Experiment Reveals How Energy Can Be Extracted From Black Holes
KEY POINTS
- The Penrose experiment was introduced about 50 years ago
- Researchers simulated the conditions of a black hole for a new study
- The study proved that objects can escape black holes with additional energy
An experiment proposed about 50 years ago has finally able to prove that energy can be extracted from a black hole. The discovery was made after researchers simulated the conditions of a rotating black hole.
The Penrose experiment is a theoretical process introduced by mathematical physicist Roger Penrose in 1969. It focuses on a region surrounding a black hole known as the ergosphere, which is just outside the event horizon.
In black holes, the event horizon is the region where the gravitational pull is at its strongest. Located beyond the event horizon is a region where space-time gets twisted as it gets dragged into the black hole. This effect, known as frame-dragging, occurs within the ergosphere.
According to Penrose’s calculations, objects within the ergosphere can sometimes escape the pull of the event horizon and get flung out into space. As it gets kicked out, the object gains additional energy from the event horizon. Penrose estimated that the objects that are able to escape gain about 21% more energy.
Recently, physicists from the University of Glasgow’s School of Physics and Astronomy in Scotland conducted a new study based on Penrose’s experiment. To see if objects ejected from the event horizon carry additional energy, the researchers simulated the conditions of a black hole.
Their model consisted of a ring of speakers installed around a rotating sound absorber made out of a foam disc. The absorber represented the center of the black hole, while the speakers twisted the sound waves to simulate the effect of the event horizon.
Microphones were then placed on both sides of the absorber to detect the sound waves passing through the foam disc. If the pitch and amplitude of the sound waves changed as they go through the disc, then this would mean that they are leaving the model with additional energy, just like in Penrose’s theory.

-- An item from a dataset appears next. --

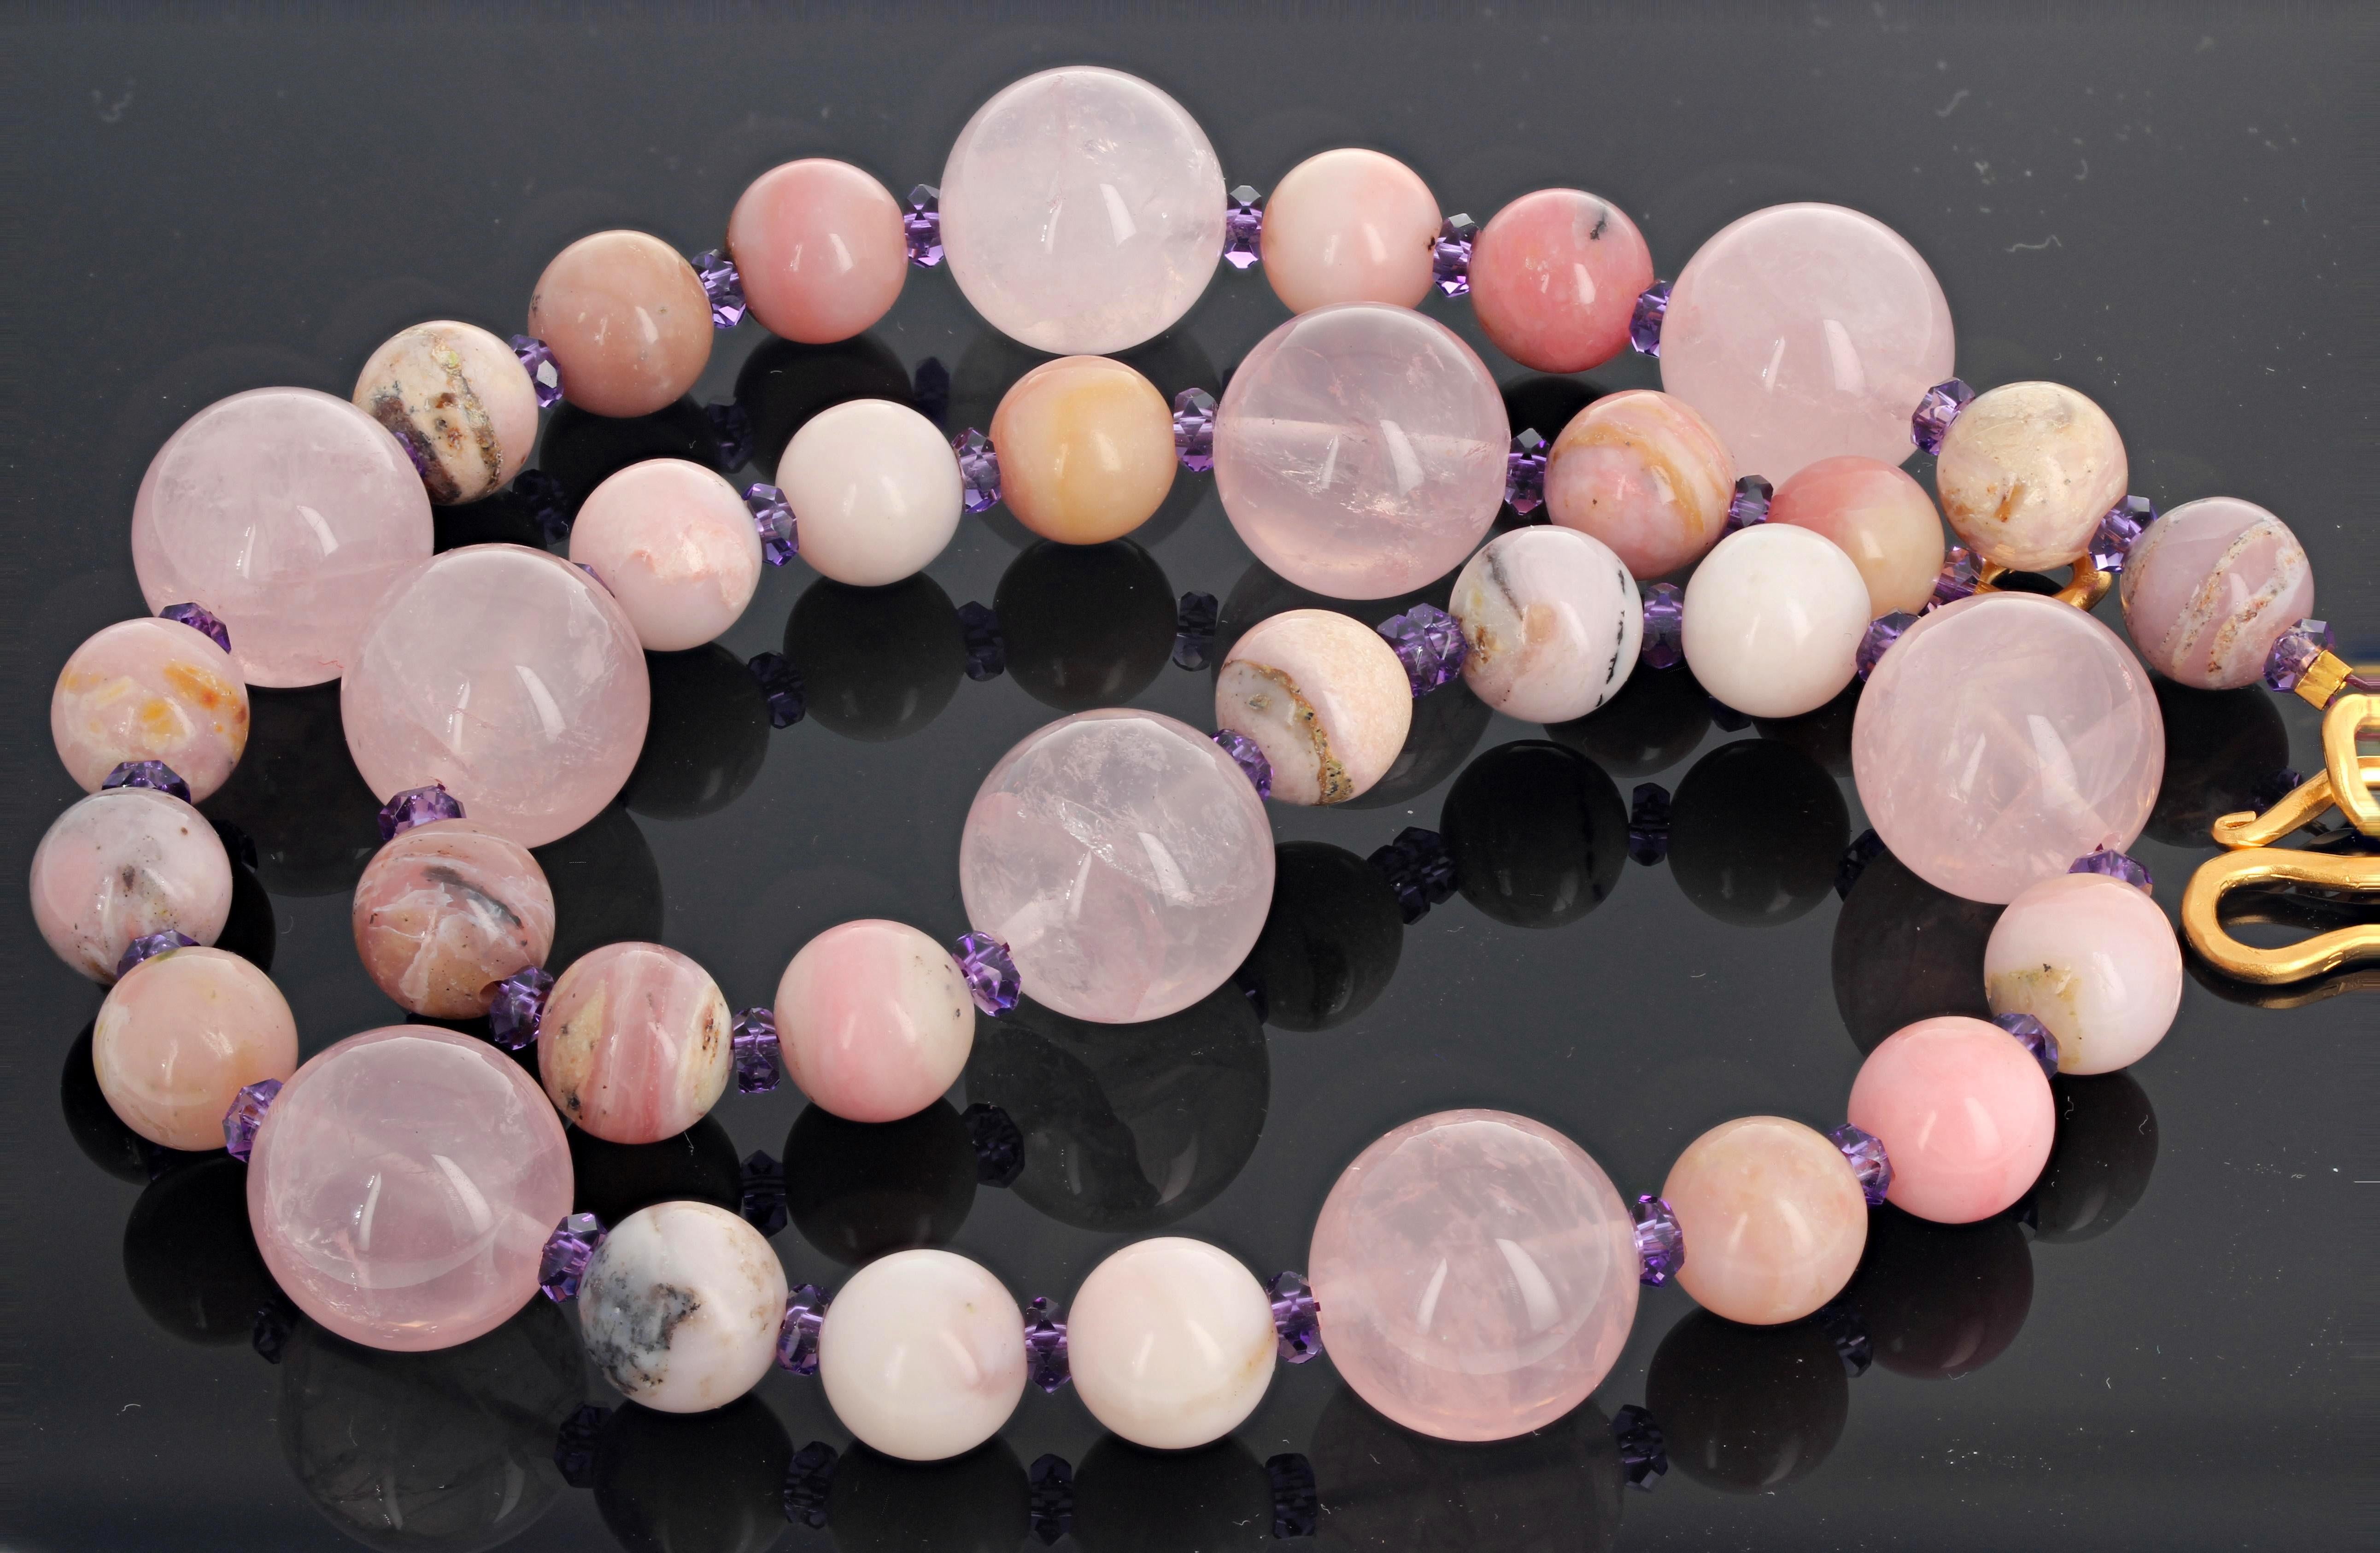 Splendid pink pink pink rose Quartz glows translucently enhanced with rare natural pink Peruvian Opals accented with sparkling Amethysts set with a hammered gold plated clasp.  This is 20.25 inches long.

“The twisted sound waves change their pitch when measured from the point of view of the rotating surface,” Marion Cromb, the lead author of the study, said in a statement. “If the surface rotates fast enough then the sound frequency can do something very strange - it can go from a positive frequency to a negative one, and in doing so steal some energy from the rotation of the surface.”
After carrying out the experiment, the researchers detected a significant change in the pitch of the sound waves. They noted that the sound waves became 30 percent louder, indicating that they were picking up additional energy.
In actual black holes, the additional energy within the objects escaping from the event horizon can be extracted. But before this can be done, humans still have to figure out a way to safely approach a black hole.
“We're thrilled to have been able to experimentally verify some extremely odd physics a half-century after the theory was first proposed,” Daniel Faccio, the study’s co-author, stated. “It's strange to think that we've been able to confirm a half-century-old theory with cosmic origins here in our lab in the west of Scotland, but we think it will open up a lot of new avenues of scientific exploration.”
The results of the experiment conducted by the researchers were presented in a new study published in the journal Nature Physics.